Judy Kendall, Reader in English and Creative Writing at Salford, has been invited to act as one of the two judges for the haiku section of the 2021 British Haiku Society Awards. She will be working with Ron C Moss, an acclaimed and award-winning Australian poet and artist who composes both haiku and haiga (art combining brush painting, haiku and calligraphy).
Judy has a long-standing strong interest in Japanese aesthetics, stemming from her seven years lecturing at a Japanese university in Kanazawa. She is currently the essays, reviews and bilingual haiku editor of the UK’s main independent haiku journal, Presence, and runs the Yorkshire/Lancashire haiku group, in which a number of distinguished haikuists participate, She has also won international haiku and haibun (a combination of prose or prose poem with haiku) awards. Here is the haiku she wrote on a commute to Salford (or more accurately an ironic ‘senryu’) that was selected for the galaxy of dust Best Global English Language Haiku of 2015, Red Moon Press.
travelling light
i will my neighbour
to turn the page
She is also well-known in Todmorden for her vegetable haiku banners that decorate various public parts of town, such as this.
taken apart, the cabbage
becomes all heart
and leave
This ‘cabbage’ poem, and other vegetable haiku feature in her insatiable carrot vegetable and gardening poetry collection.

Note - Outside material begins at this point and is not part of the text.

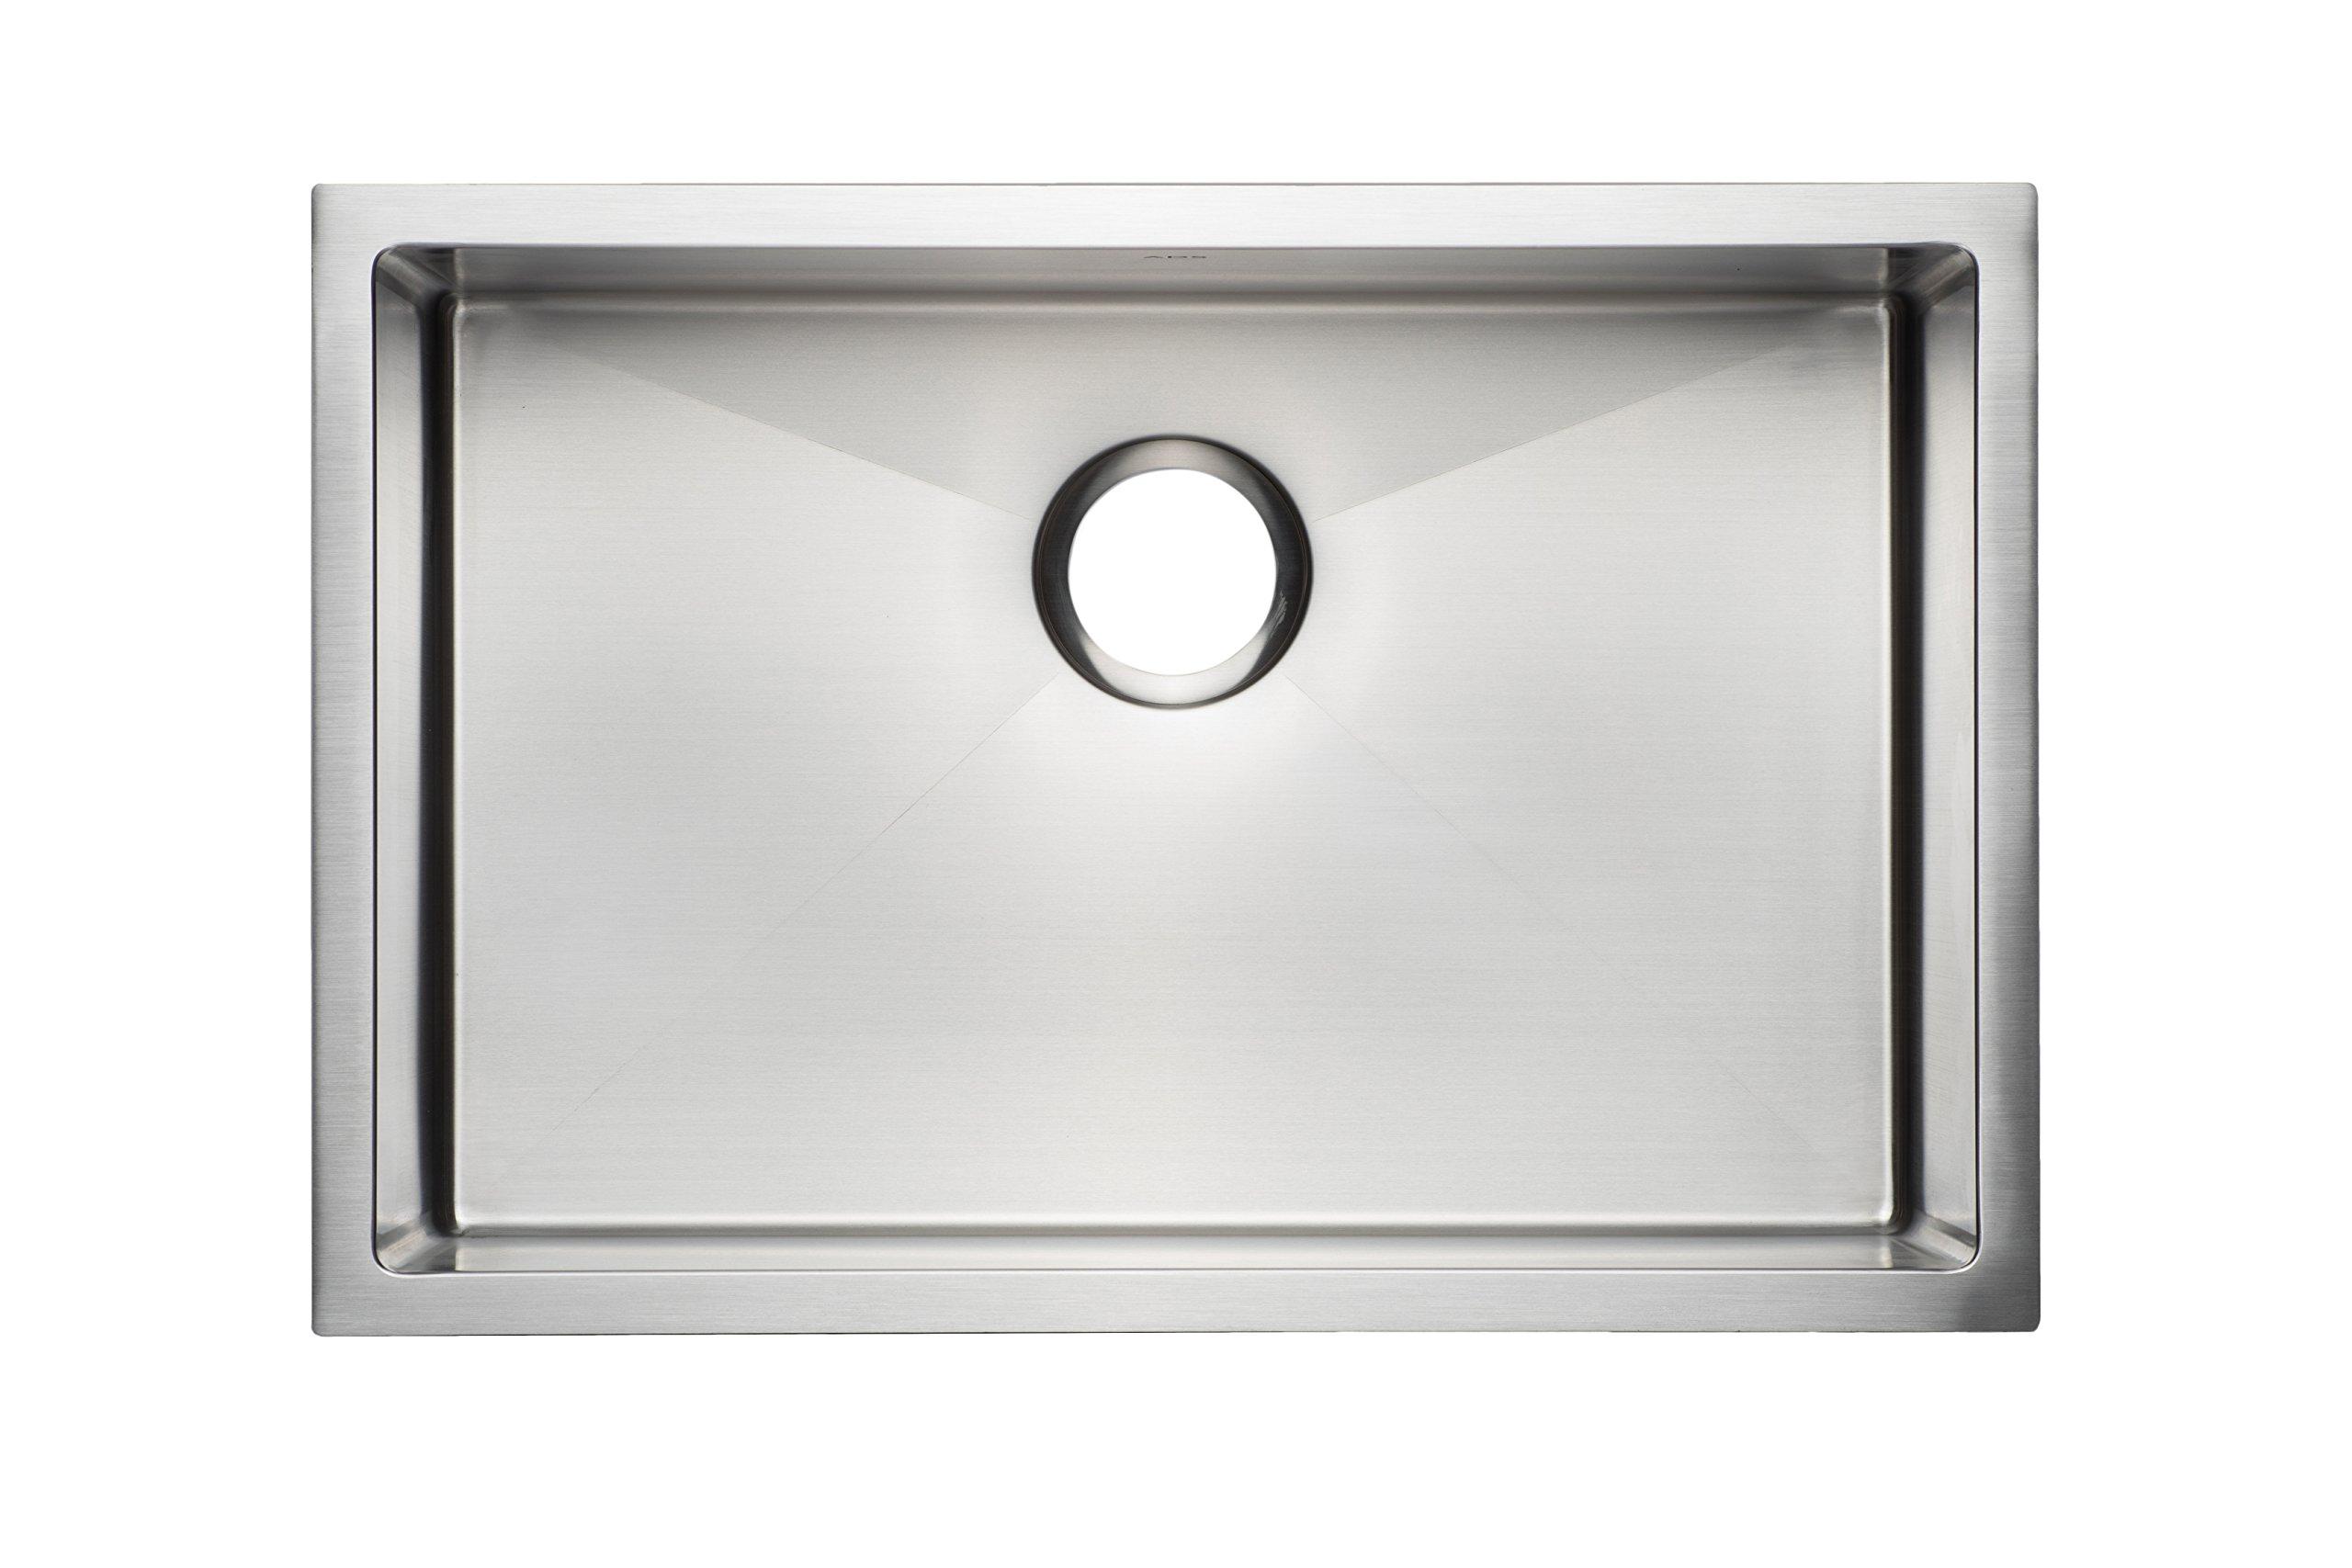 27'' Premium Quality Handmade Stainless Steel Kitchen Sink Single Bowl / Undermount 16 Gauge (30'' cabinet) by ADS
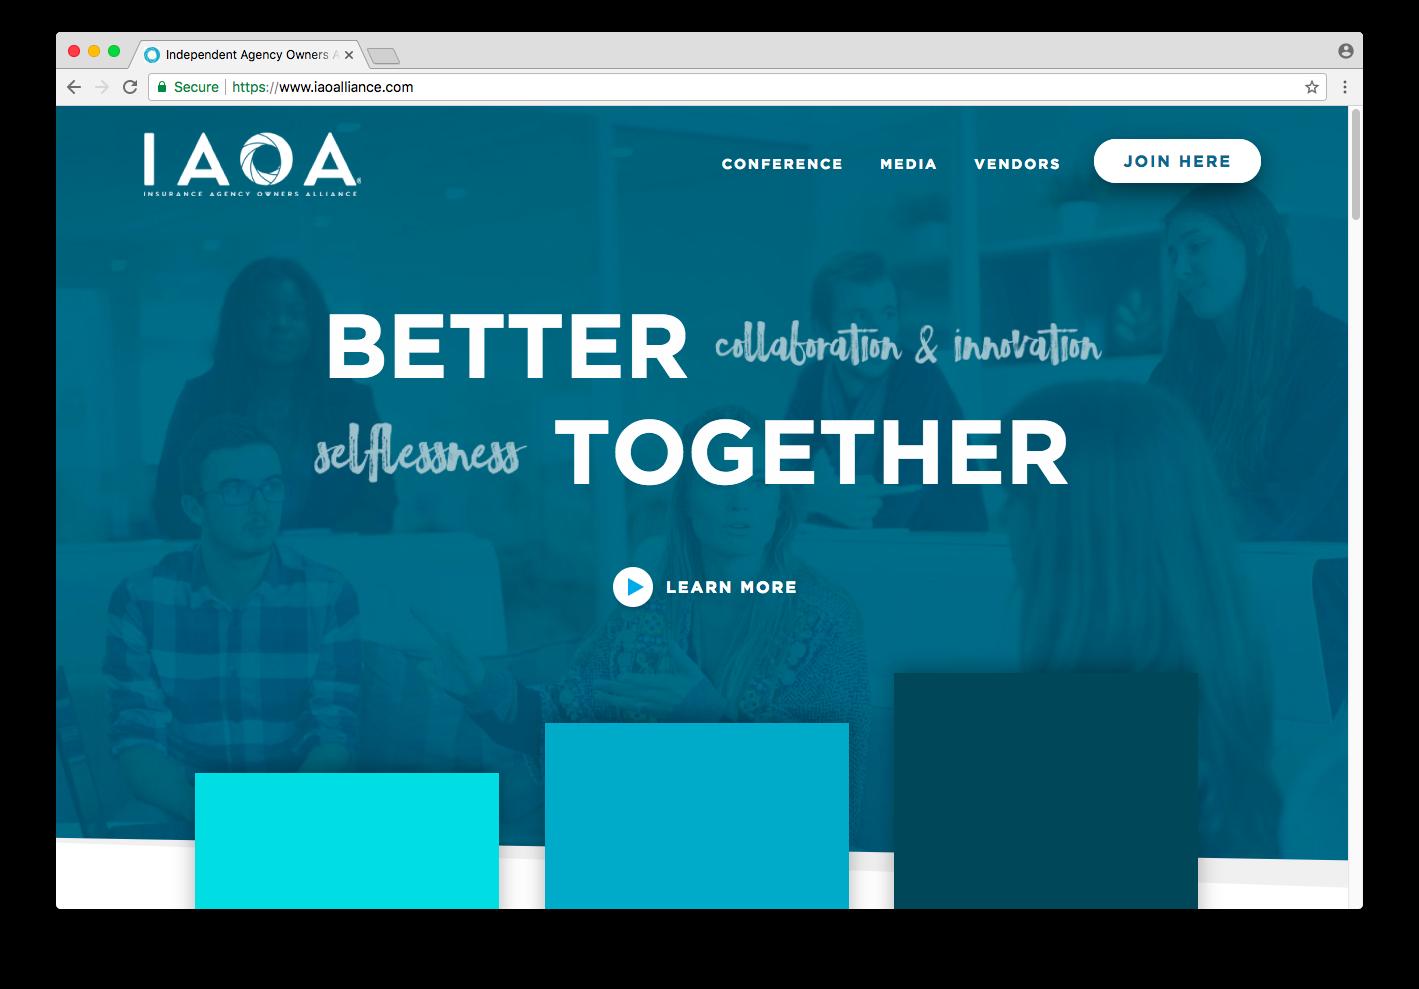 IAOA Alliance

The British Haiku Society awards, are open to the general public worldwide and made annually, with money prizes donated by the Society. There are separate awards for haiku, haibun and tanka. Awards under this name have been made since 2010 but began as the James W. Hackett Award (est. in 1991). James W. Hackett judged the awards with another judge nominated by the BHS up to and including 2009. It is an honour to be chosen to act in his stead this year.